::: PROVIDED ENTRIES :::
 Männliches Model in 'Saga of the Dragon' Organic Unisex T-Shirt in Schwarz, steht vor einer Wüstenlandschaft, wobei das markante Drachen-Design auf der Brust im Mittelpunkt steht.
:::
::: PROVIDED ENTRIES :::
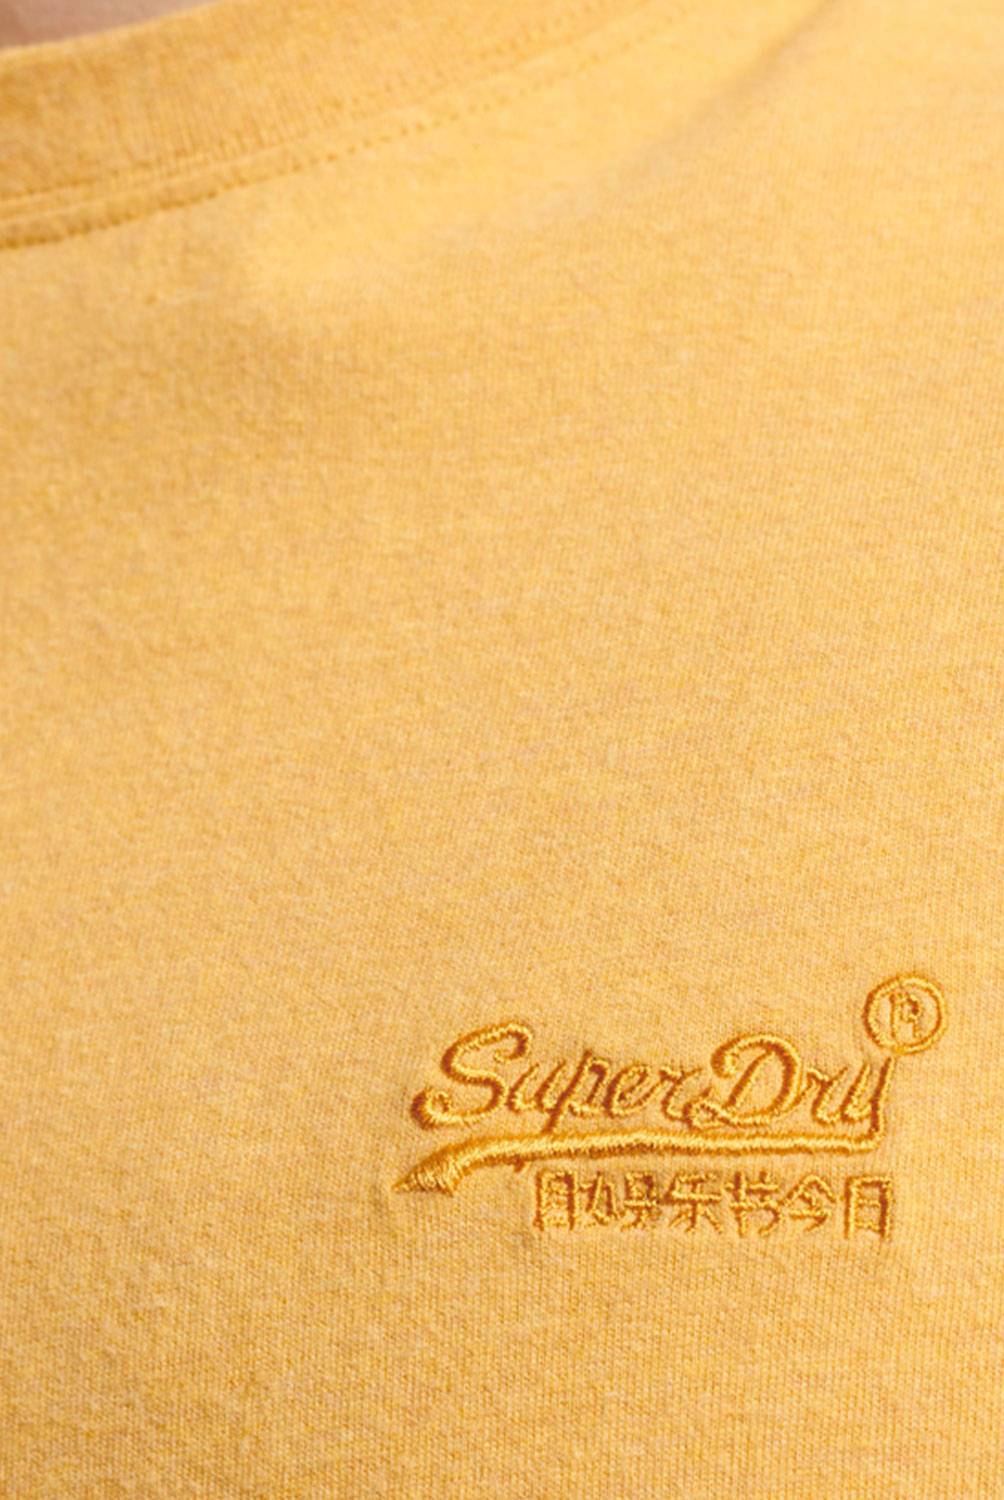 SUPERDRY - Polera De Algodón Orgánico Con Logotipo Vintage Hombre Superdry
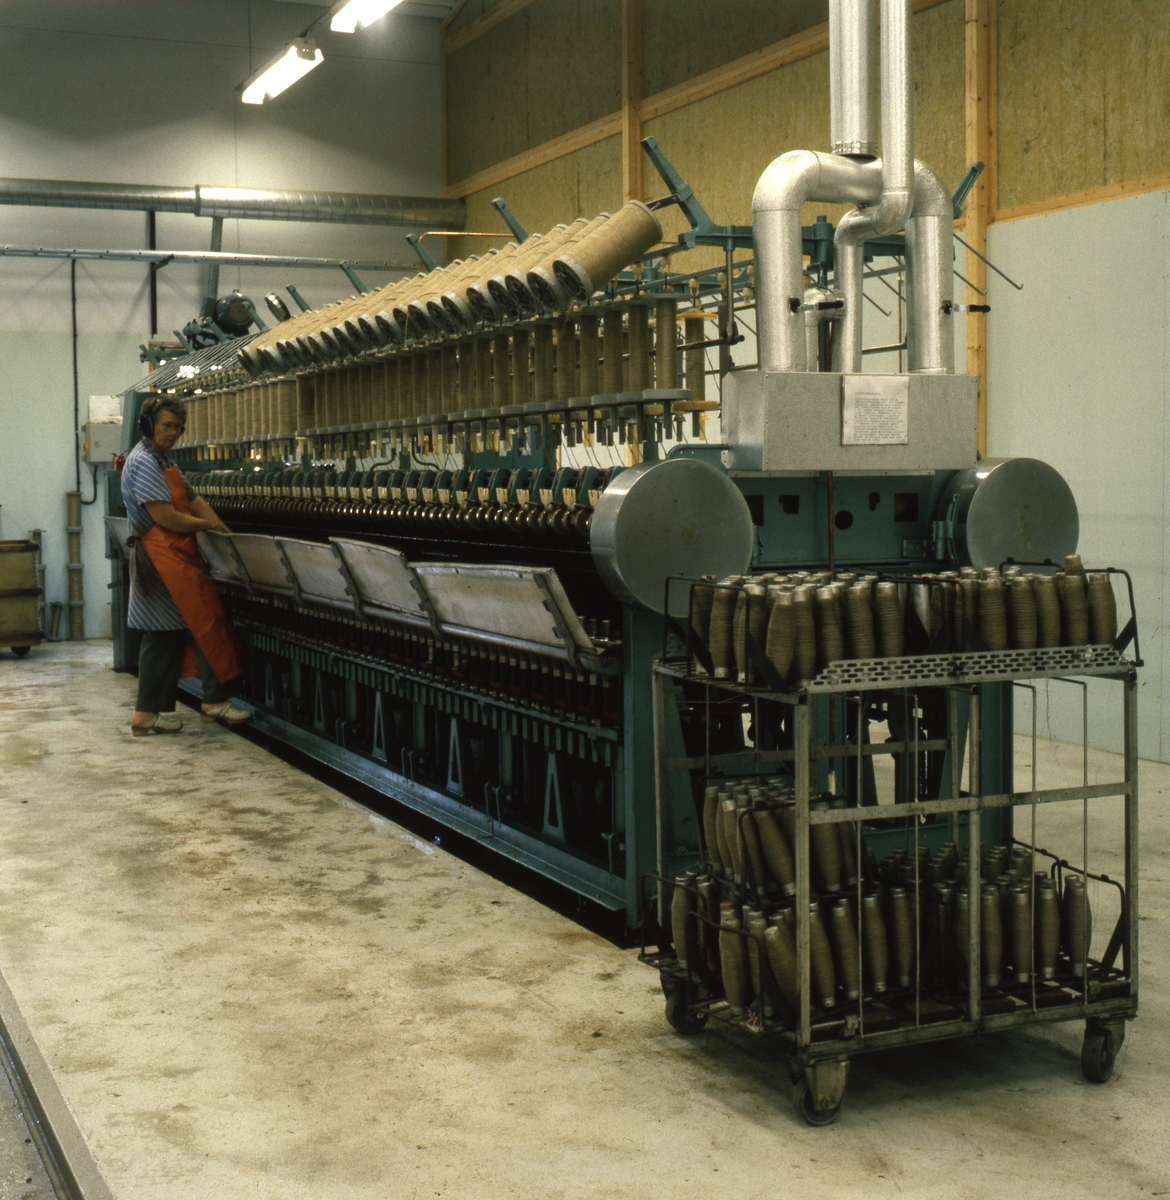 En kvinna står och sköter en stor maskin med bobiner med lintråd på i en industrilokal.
:::
TASK REQUIREMENTS — Taking the entries above, extract every line from the one bearing "SUPERDRY - Polera" through the one bearing "En kvinna står", exactly, with no pictures.

SOLUTION —
 SUPERDRY - Polera De Algodón Orgánico Con Logotipo Vintage Hombre Superdry
 En kvinna står och sköter en stor maskin med bobiner med lintråd på i en industrilokal.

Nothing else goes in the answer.